Designing for security
The No. 1 consideration when designing an IP SAN is to treat it like an FC SAN. One of the things that makes FC so strong is that FC networks are small, tightly controlled and separated from other applications. The same precepts should be followed when designing the IP SAN: Only use iSCSI over private, tightly controlled LANs.

"The best IP SAN is an independent LAN using dedicated Ethernet switches," says Sanrad's Sante. So-called "air-gap" LANs are entirely disconnected from other Ethernet networks, and don't share the same hardware. At the very least, segmented VLANs and IP subnets should be employed to keep other traffic types away from your storage. And don't forget to secure the management interfaces on non-routed networks. Ideally, you should create a separate subnet for network management and allow only authorized users to access it through a VPN and firewall.

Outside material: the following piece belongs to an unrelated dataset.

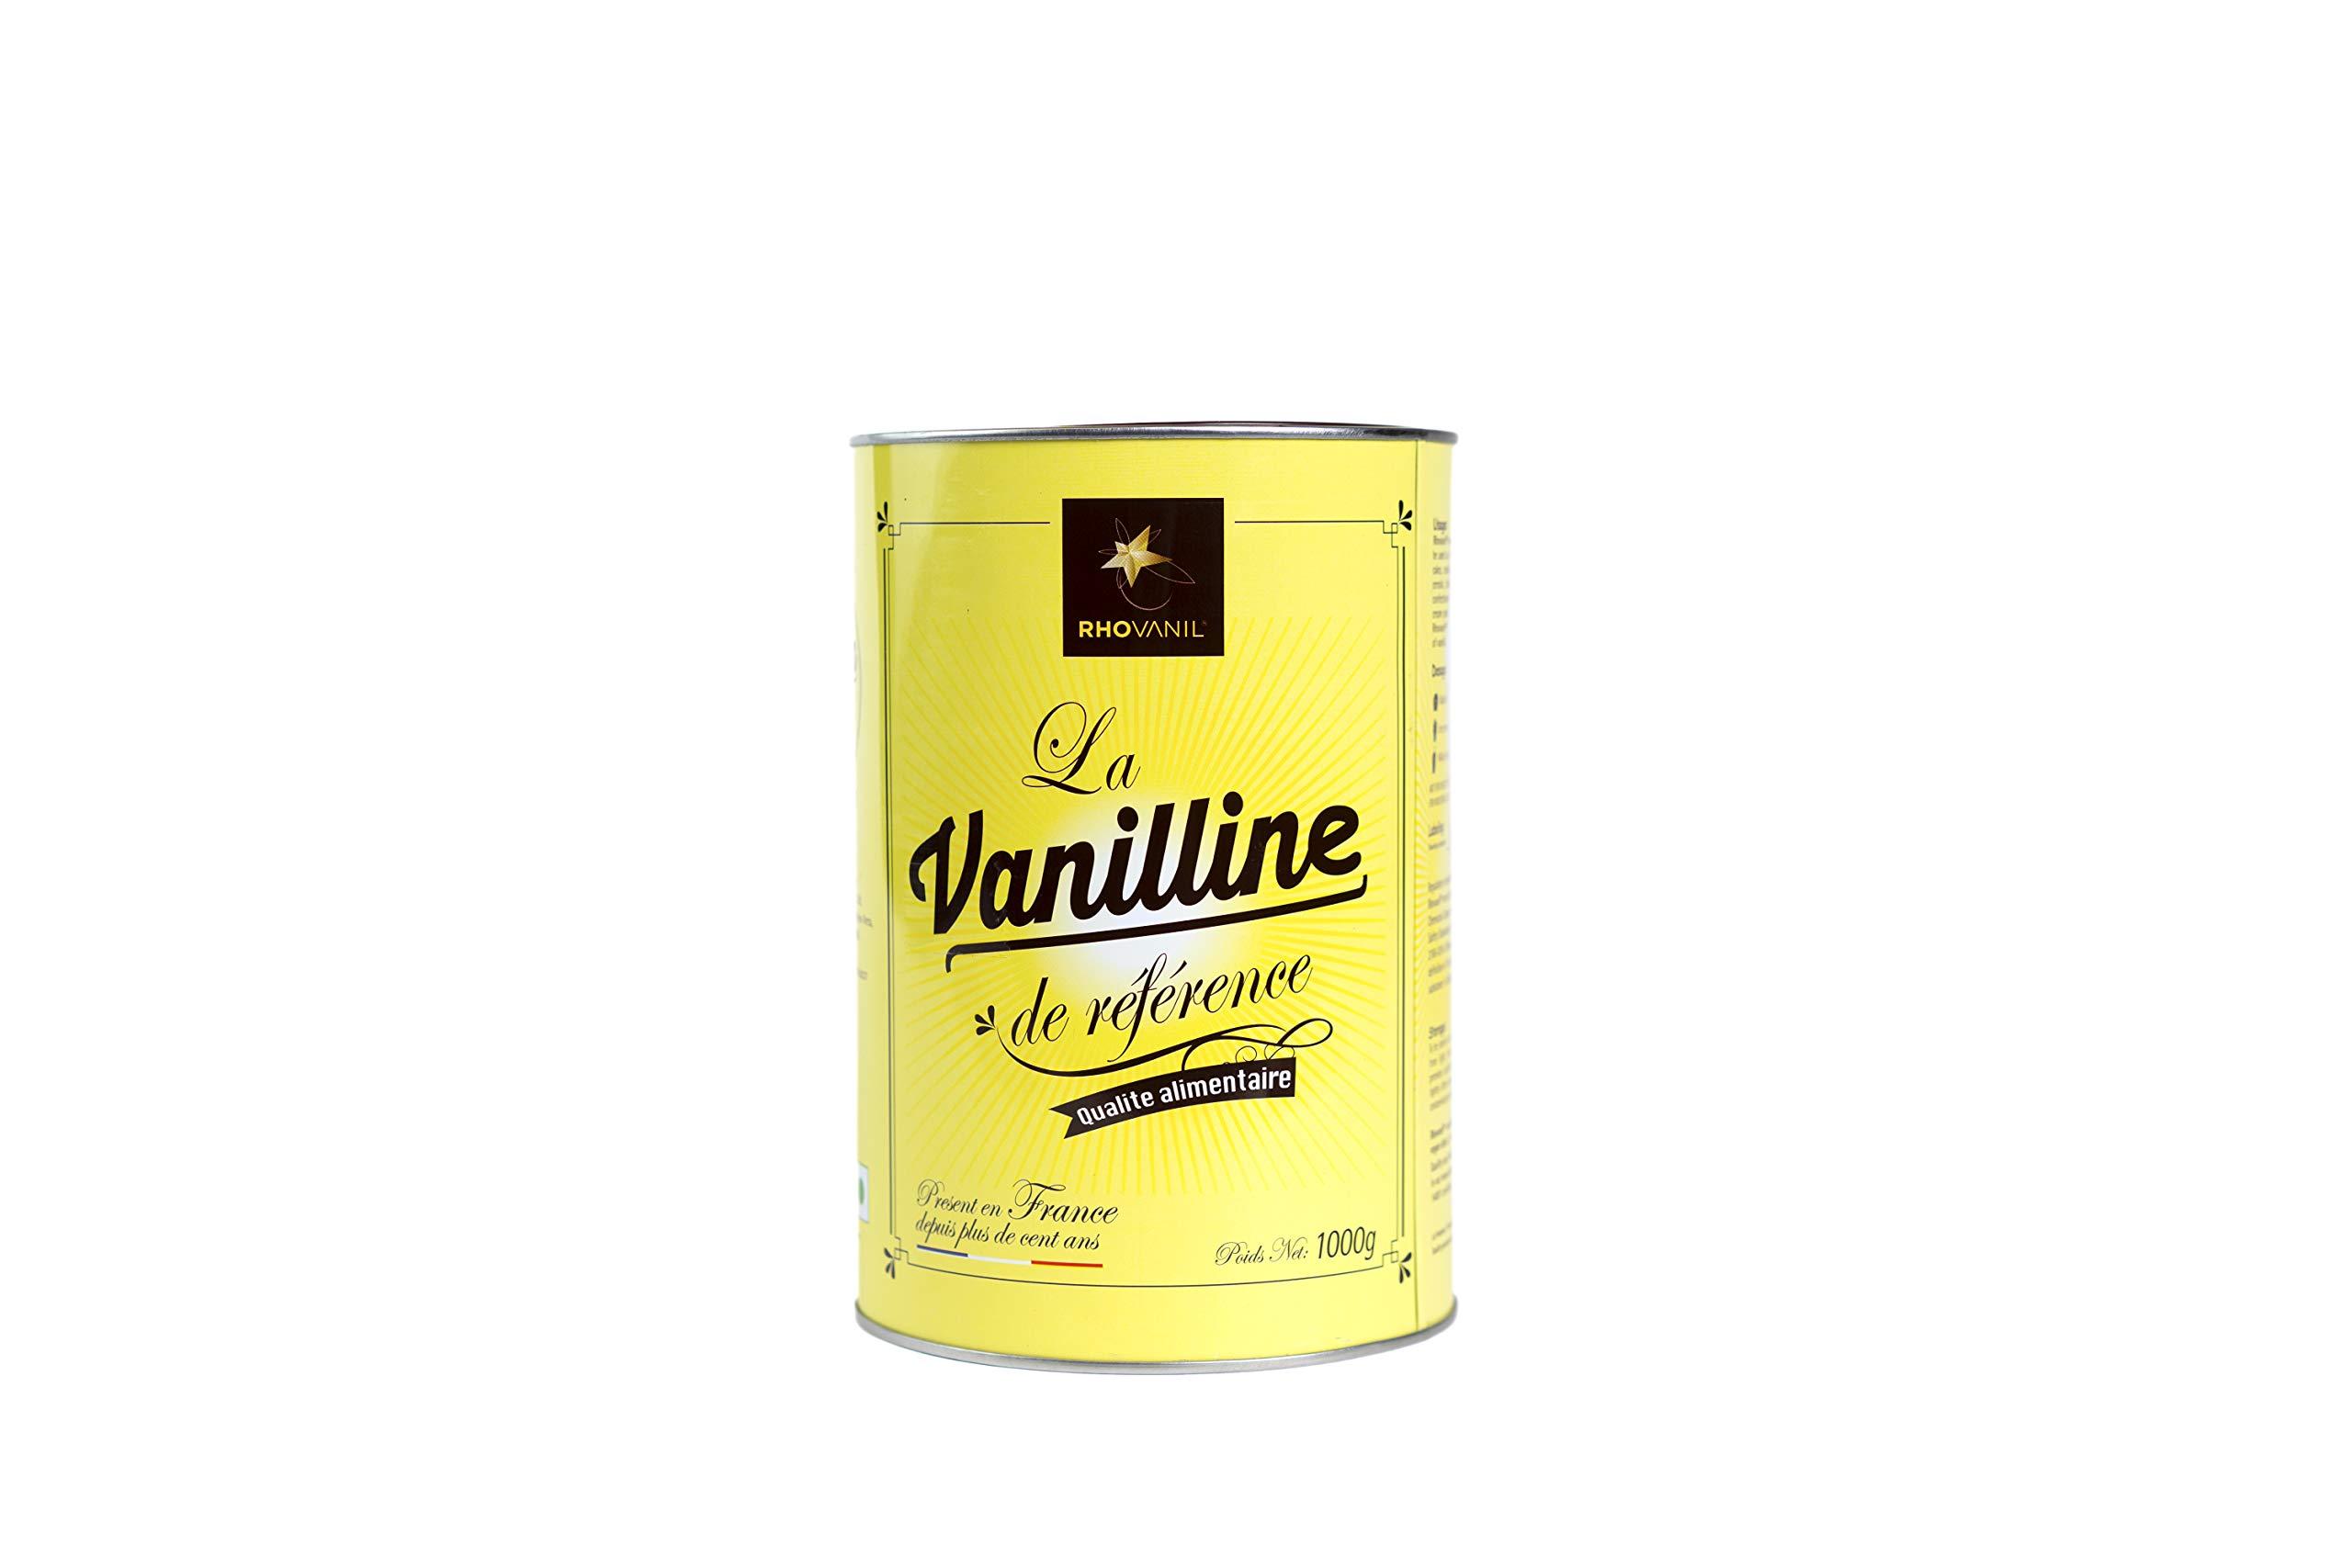 Vanillin Powder Rhovanil 1kg

Without a tightly controlled, segmented network, iSCSI traffic and usage is likely to "leak" out of the data center. It's dangerous to allow PCs to access iSCSI devices from other parts of the network. One of the first things I did when testing an iSCSI array was to mount a LUN on my laptop over wireless Ethernet. Although functional, this type of connectivity is a security nightmare. Therefore, limit the reach of the IP SAN to the data center.

Follow these policies
If you're considering deploying iSCSI, you should follow these policies:

• Build a SAN, not a LAN. Treat iSCSI just as you would treat FC. Build a dedicated network for storage, and don't share switches or network cards between storage and other network traffic.
• Divide and conquer. Use ACLs and other LUN masking techniques to limit access to iSCSI LUNs to only valid clients.
• Lock the door. Use a separate, strong CHAP password for each iSCSI client and consider changing the passwords periodically.
• Restrict management. Use role-based security and accounting in management applications; limit even your own access to avoid accidents; and build a separate firewalled subnet for management interfaces.
• Encrypt data. Consider using client-based encryption to protect data across the network and on the disk, but be careful with your encryption keys.

				Policy vs. practicality
				Security policies shouldn't be so difficult to administer that they're ignored. Put another way, security measures must not be so extreme as to encourage non-compliance. For example, the management of IP Security (IPsec) keys is one area where practicality might outweigh security. Unless an automated key management system is in place, the headache of tracking keys could cause the system to be bypassed altogether. Similarly, enforcing both strong passwords and requiring frequent password changes often leads people to adopt a system of sequential passwords or, even worse, of leaving unsecured passwords on slips of paper or in computer files. Adopting a policy of strong passwords or one of frequent changes is often preferable to trying to enforce both.

These policies aren't difficult to adopt, but care should be taken to ensure that they're easy to administer. If it becomes burdensome to apply security policies, they may be circumnavigated or ignored (see Policy vs. Practicality, this page). Adding storage devices that aren't networked with FC to the SAN yields dividends, including improved disk utilization and enhanced stability with more systems using enterprise-class hardware. There's also more flexibility to provision storage devices where they're most needed and to deploy advanced features like array-based replication, mirroring and clustering. The key is facing the fact that security is a critical factor in all storage architectures, whether they are based on FC or IP and Ethernet.